# cory care



## j-man the skater-man (Apr 4, 2005)

these are sorta general questions but i figure that i am starting my tank with corys so...

how can i get the pH to 7-ish for my corys that is natural and quick?
do you think corys should count on the 1 inch per gallon rule?
are all the temp, ph, est. pretty much the same for all corys?
do corys like slower moving waters?
how can you tell a male from female cory? (i hope to breed them one day)
will species interbreed?
do corys like low light cause some fish i want like low light?
will cherry shrimp and corys interfer with one another?
will they eat brine shrimp?
does anyone on the coast of north carolina know where to get mylasian trumpet snails? (geting cause i have sand for the corys)
when corys swim on stuff and look like they are sucking on the plants what are they really doing?

IF FISH ARE BORN IN AN AQUARIUM THEN THEIR NATURAL HABITAT IS A AQUARIUM RIGHT???
SO WHY DO YOU NEED TO MIMIC THE FISHS NATURAL HABITAT???


----------



## sumpthinfishy (Jan 21, 2005)

I'll try to answer some of your questions. Fishnut2 would be more knowledgeable, but I'll see what I can do.

First, what is your pH? It's generally better to acclimate the fish to your existing water conditions. Adding chemicals to the water is best avoided if possible as it's difficult to maintain and who needs to buy more stuff?

My pH is actually pretty high and my cories do very well, spawning on a pretty regular basis.

I don't know this for sure, but seems they wouldn't want a river. Most tanks aren't going to present a problem, I'd think.

Males tend to be smaller and less "plump". Generally pretty hard to sex them. If you want to breed them, it's a good idea to have 3 males to 1 female. 

I don't know about light. But I don't think any fish likes total blinding light. They rely on smell for food more than sight, so I don't think they'd object to a lower light tank.

I'm unfamiliar with shrimp in aquariums. Would think they should be fine, but researching it is always a good idea.

MTS should be pretty easy to get most anywhere. Some lfs give them away. Check aquabid or do a search on Google for snails and there are many places to buy them online.

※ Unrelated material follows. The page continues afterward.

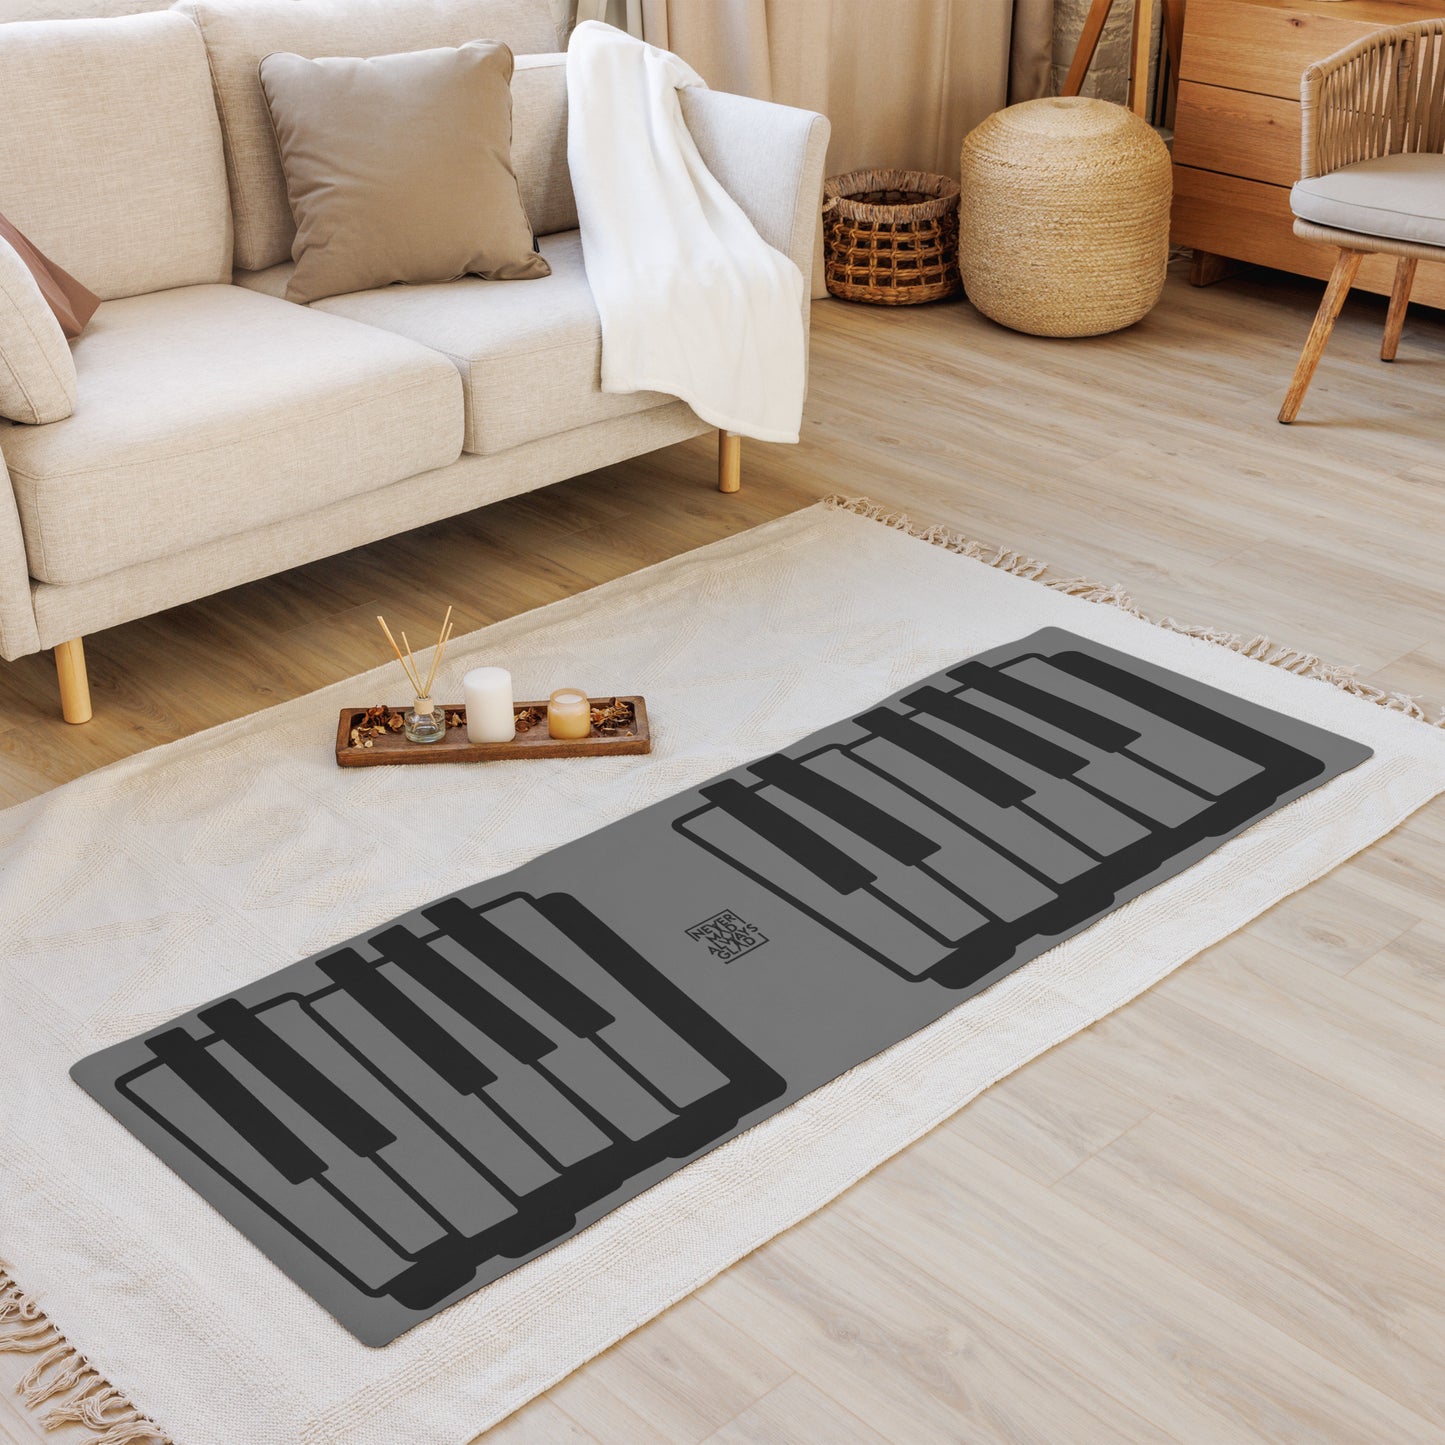 Piano Yoga mat

What you see corys doing when they look to be sucking on plants, they are looking for food. Generally their little mouths and whiskers are always in motion.

Hope this helps.

Check out www.planetcatfish.com for good info on all sorts of cories with lots of pictures for identifying them.


----------



## Damon (Jan 18, 2005)

Acclimate your fish to your water, not the other way around for most aquarium fish.
Yes and no.  While they take up space, they are not huge waste produces and do keep the aquarium clean.
No. While they perfer softer waters, some perfer cooler temps than others
Water flo varies to my knowledge.
Females are more rounded and usually bigger when mature than males.
Not sure if they will breed or not. Ask Fishnut2
They like standard aquarium lighting.
Cherries and cories get along fine together. No problems even with the babies.
Yes they will eat most aquarium foods.


FIshnut is the resident cory person. He can give you more difinitive answers.


----------